RAW DATA:
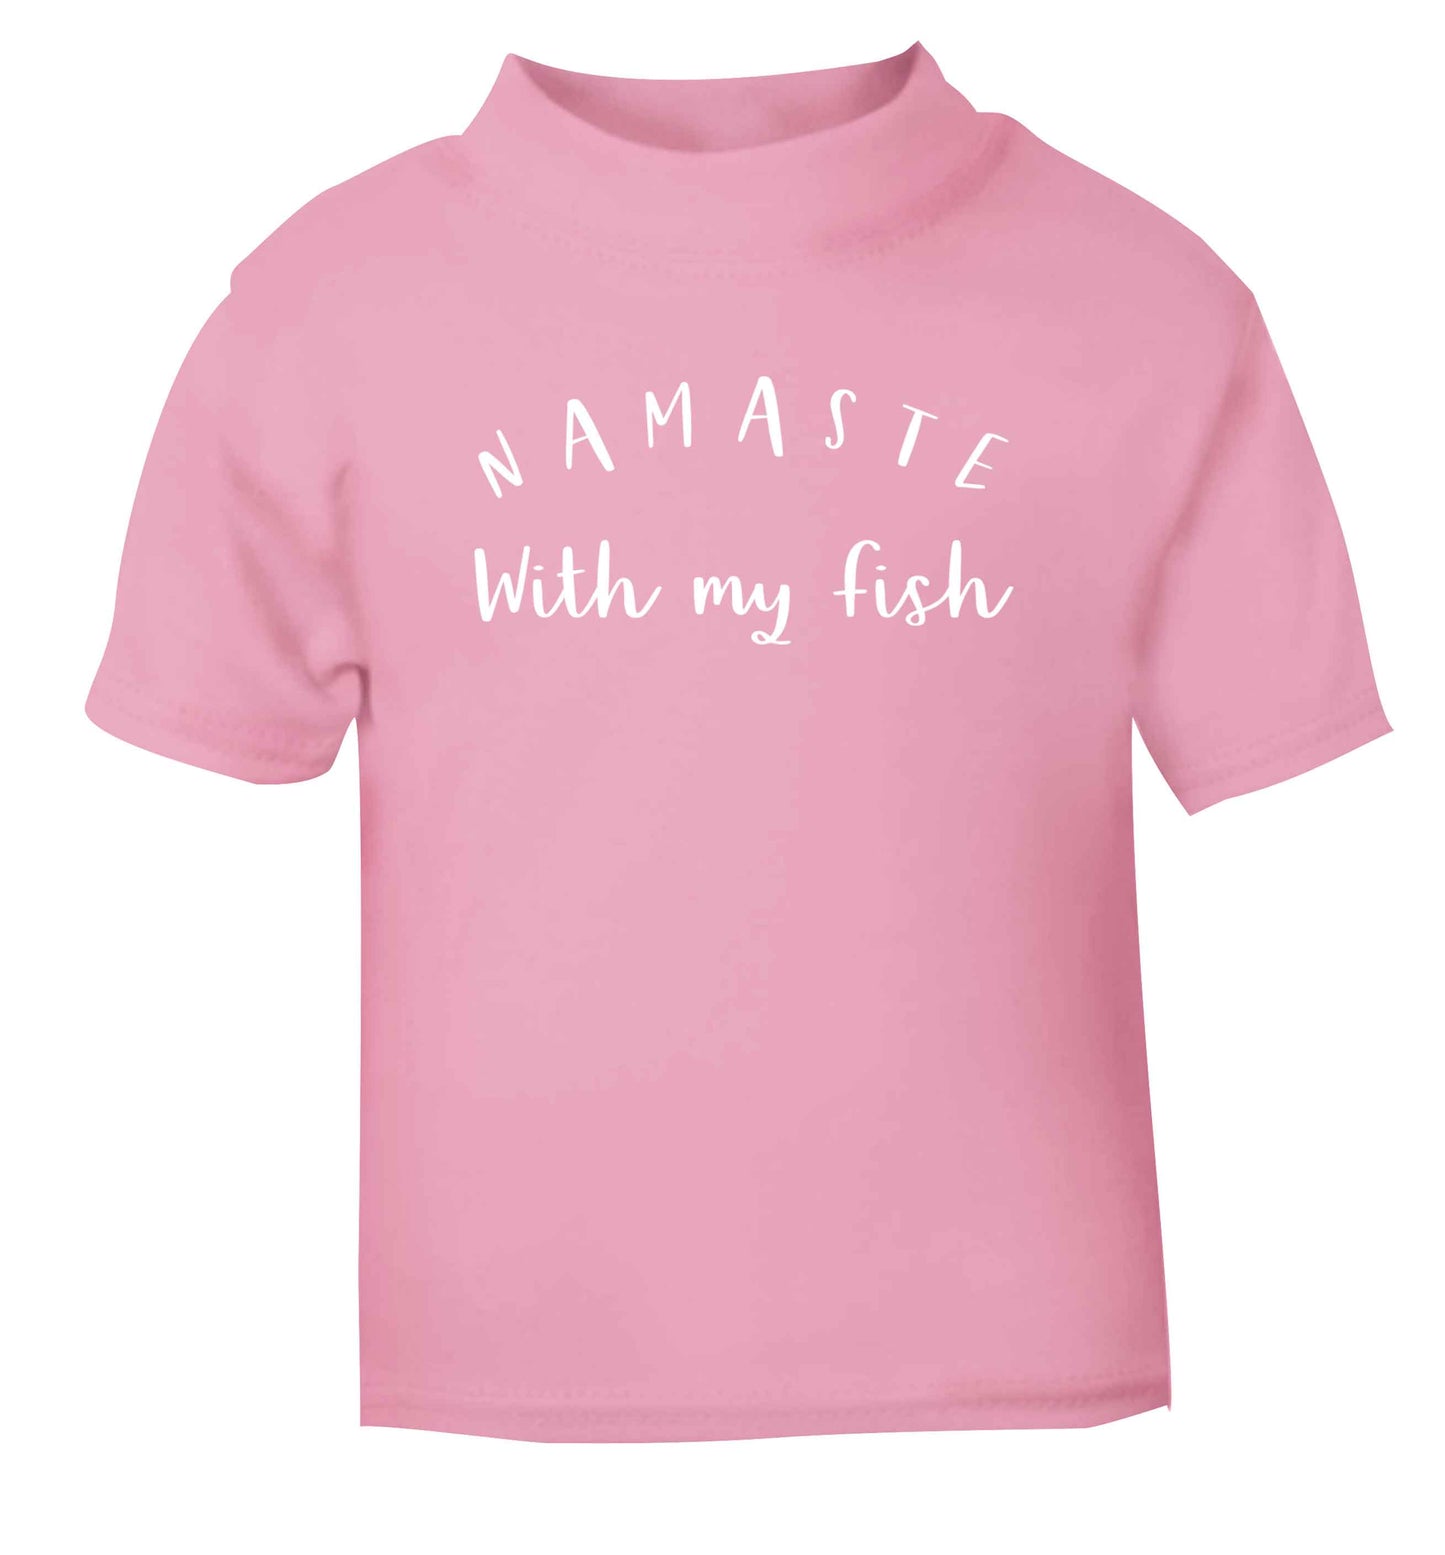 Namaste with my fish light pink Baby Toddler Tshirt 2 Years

...

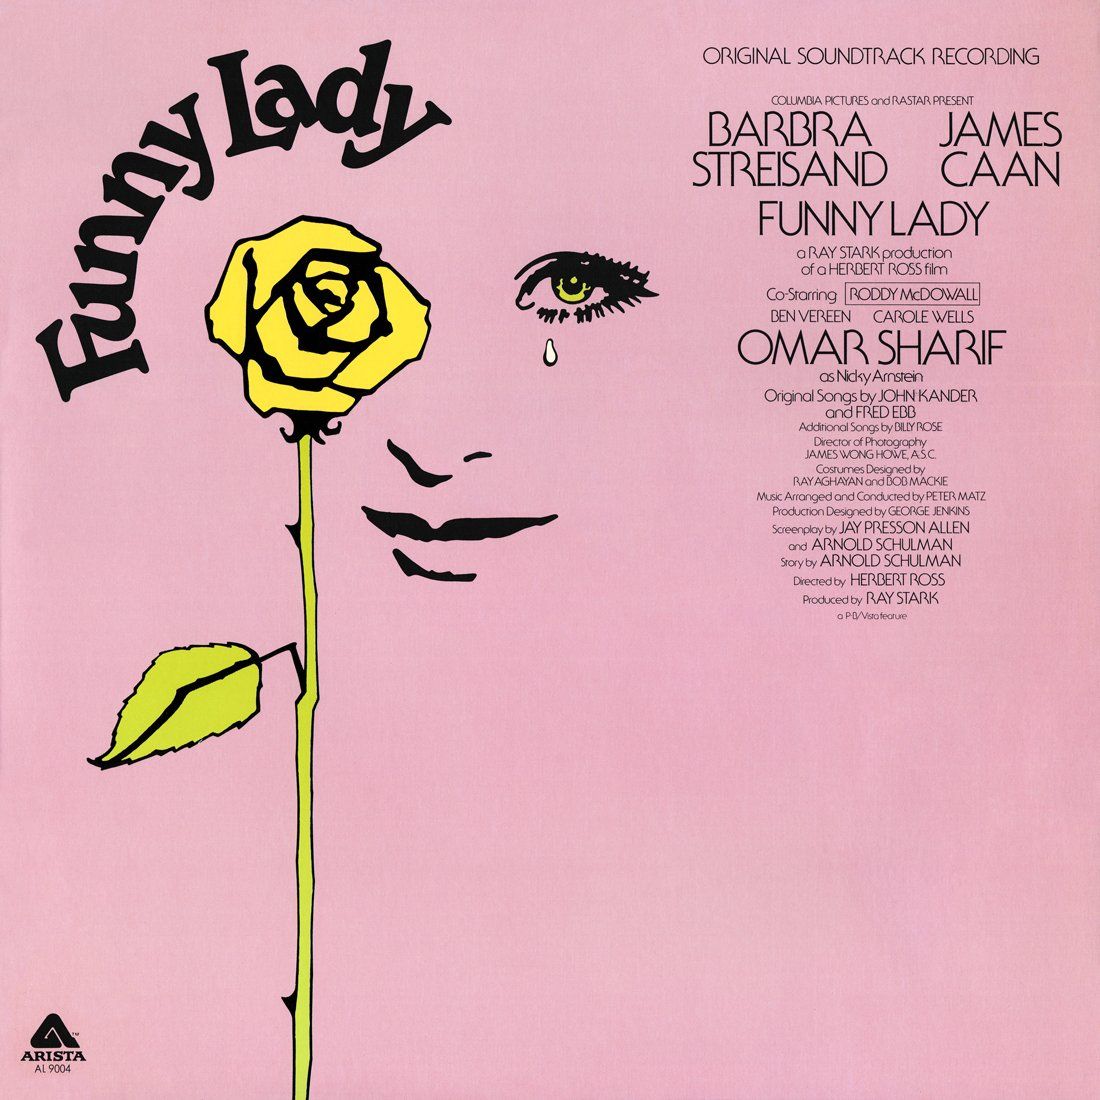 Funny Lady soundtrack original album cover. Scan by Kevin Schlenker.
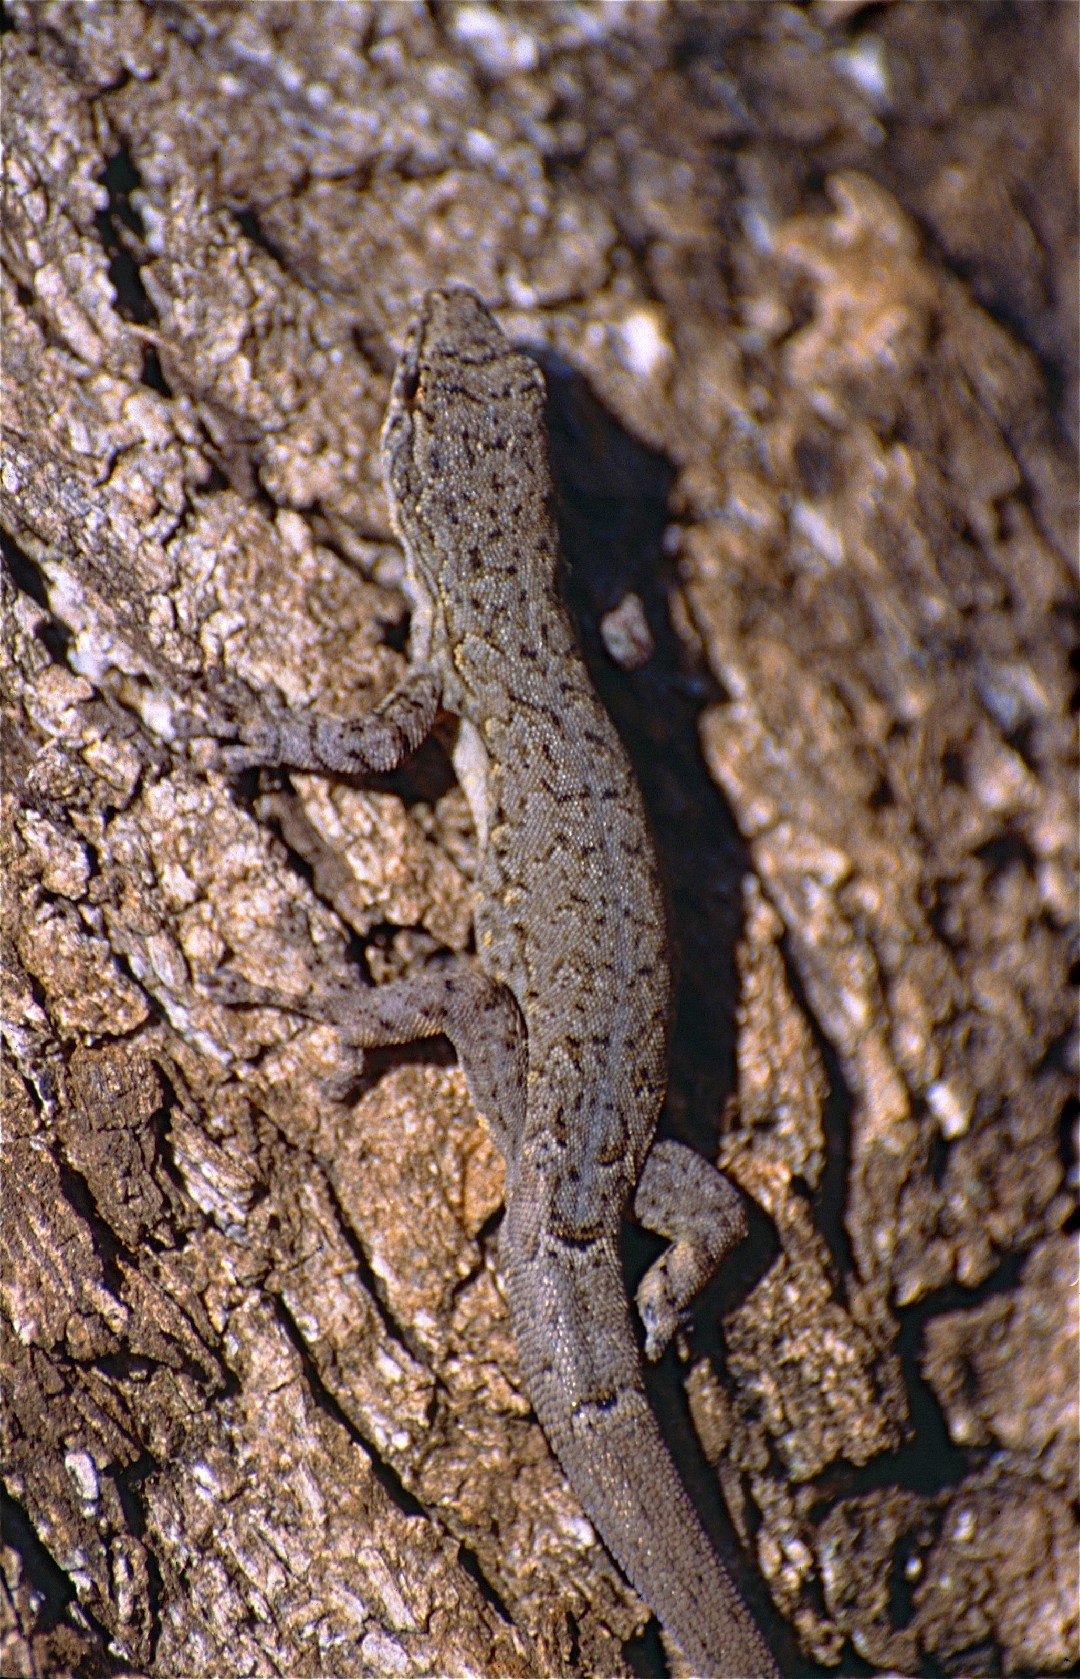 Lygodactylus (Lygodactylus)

ASSIGNMENT:
In the entries above, find the line containing "Funny Lady soundtrack" and the line containing "Lygodactylus (Lygodactylus)"; give again exactly those two lines and every line between them, minus the pictures.

COMPLETED EXERCISE:
 Funny Lady soundtrack original album cover. Scan by Kevin Schlenker.
 Lygodactylus (Lygodactylus)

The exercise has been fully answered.